Ayurvedic Healthy Eating

Ayurveda has a theory that anything can be a food, a medicine or a poison depending on ‘who’ is eating, ‘what’ is eaten, and ‘how much’ is eaten. For example, fresh ginger root is delicious in cooking as a food to flavour and help digestion. It is a stimulating medicine that can help clear a cold and induce a sweat when taken as a strong hot tea. If too much is taken it can make you sick causing acidity and vomiting, hence acting as a poison in the wrong circumstances. So there is no strict ‘Ayurvedic diet’ per se, only sage recommendations to help you have the tastiest and healthiest diet helping to lead you towards the best health.

However, eating is considered to be the most important activity that can affect health. Whilst eating is a habit, and for some an addiction, it can be empowering to transform your eating habits to only include healthy foods that are rejuvenating and life-giving. This is a healthy habit.

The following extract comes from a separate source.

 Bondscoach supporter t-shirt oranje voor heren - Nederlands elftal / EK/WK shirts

Whilst herbal remedies, massage, exercise and spiritual practice can balance and repair health it is a ‘good’ diet that gives us an every day opportunity to take control of our health.

Generally speaking, Ayurveda considers that the best foods to include are rice, wheat, barley, mung beans, asparagus, grapes, pomegranates, ginger, ghee, milk and honey. It also generally recommends that it is best to avoid habitual use of heavy meats, cheeses, yoghurt, refined salt, processed foods, refined sugar, coffee, tomatoes, bananas, citrus fruits and black lentils.

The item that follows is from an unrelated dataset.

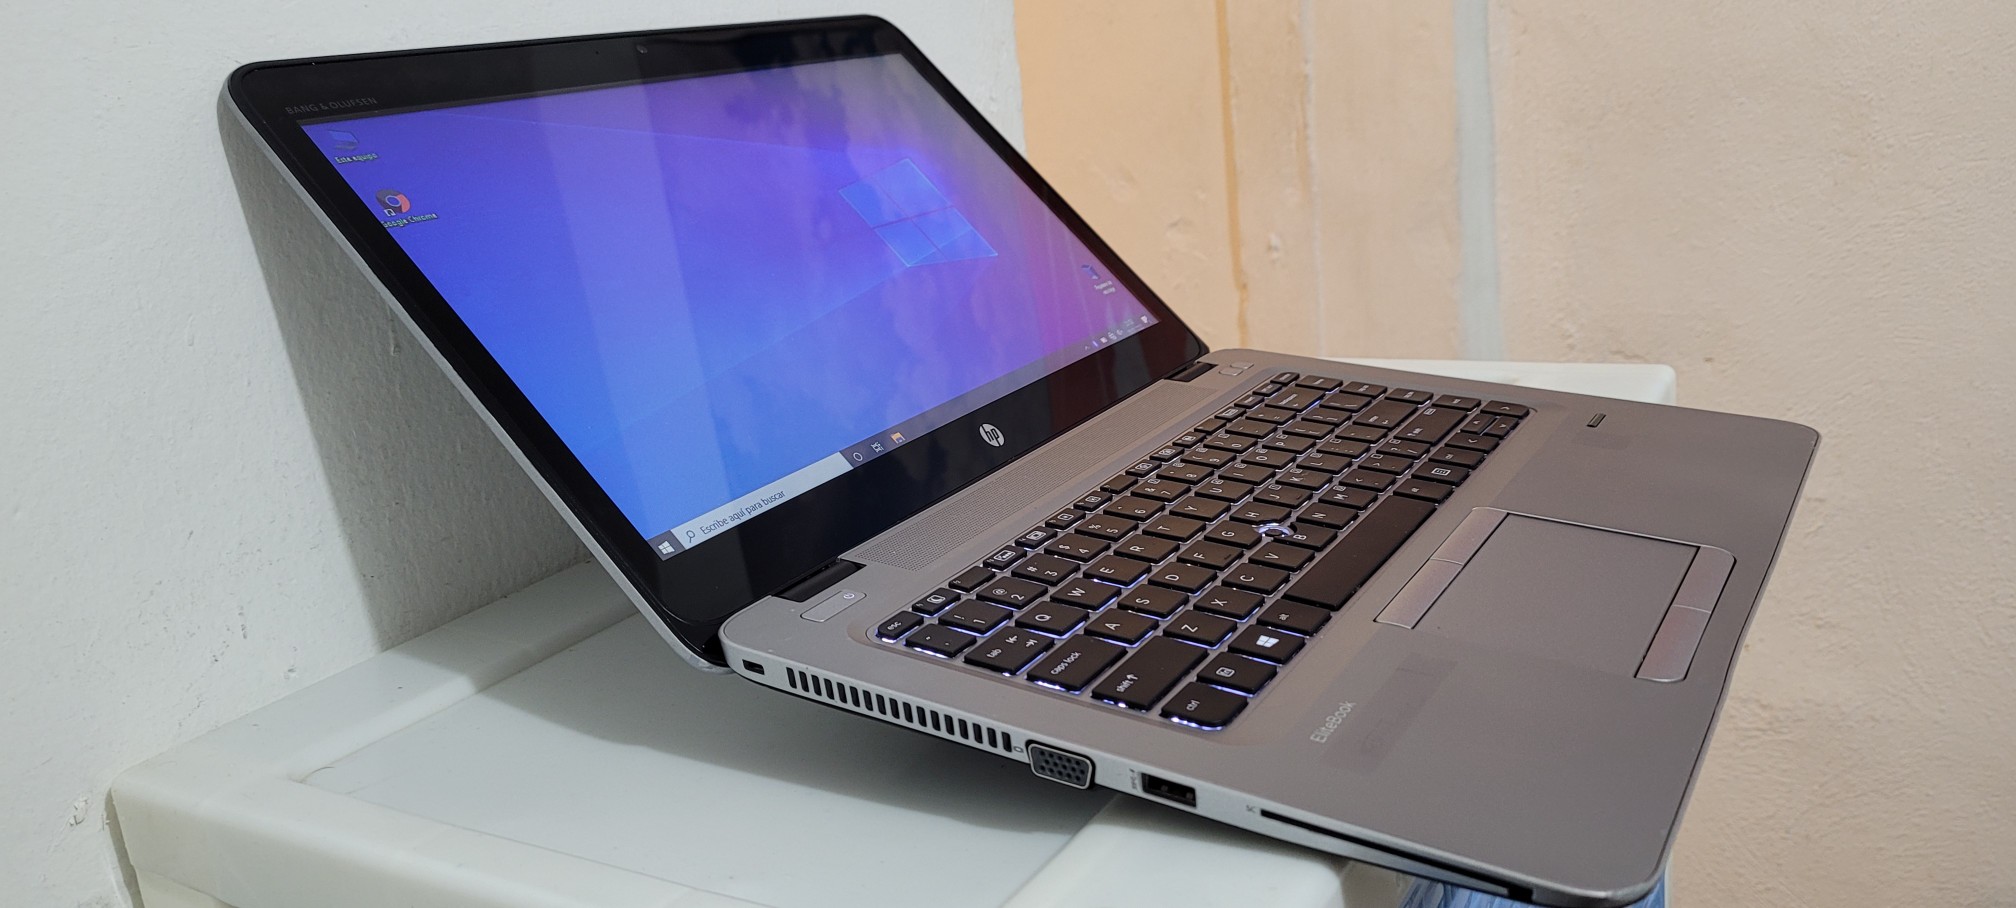 computadoras y laptops - Laptop hp Slim G3 14 Pulg Core i5 6ta Gen Ram 8gb ddr4 Disco 500gb Full 1

Ayurveda has detailed practical theory covering all aspects of living a positive health generating life-style to specific medical treatments.

Remember that digesting your food properly depends on:

•    A strong digestive fire called agni in Ayurveda
•    Eating appropriate foods in the correct quantity and of the correct quality 
•    Healthy food combining based on Ayurvedic principles

Here are some Ayurvedic healthy eating tips:

•    Eat according to your constitution
•    Eat fresh and seasonal food that is organically grown.
•    Eat predominantly cooked and warm food.
•    Eat foods that are light, fresh and rejuvenative.
•    Minimise the use of leftovers, tinned, frozen or preserved foods.
•    Do not eat lots of raw and cold foods straight from the fridge
•    Do not eat lots of raw and cooked food together.
•    Do not eat contraindicated foods: Dairy and fruit, melon after other food, fruits with other food, fish and milk, eggs with milk,  lemons with milk or yoghurt, yoghurt after dark, equal parts of ghee and honey (3:1 by weight), cooked honey.
•    Avoid excessive fasting or excessive eating.
•    Only eat when hungry and drink when thirsty. Leave 4-6 hours between meals.
•    When you travel adjust your diet slowly as the change in water, food and climate can all adversely affect your digestion.
•    Antidote extreme qualities of food with digestive spices

Other problems with digestion

A major cause of digestive imbalance is external bacteria and pathogens in the digestive tract picked up off unhealthy food, whilst travelling or from unresolved illness.; giardia, worms, imbalanced bacteria, Candida. These must be removed using effective anti-parasitical herbs such as Neem.

Only use anti-biotics when absolutely necessary as these deplete the integrity of the balance of intestinal flora and can result in pathogenic outbreaks of unhealthy bacteria.

Only use pain killers and NSAID drugs when absolutely necessary. The use of pain killers and anti-biotics are two of the most common causes of imbalanced digestion.

Eating a high volume of refined sugar feeds pathogenic bacteria, so try to avoid it!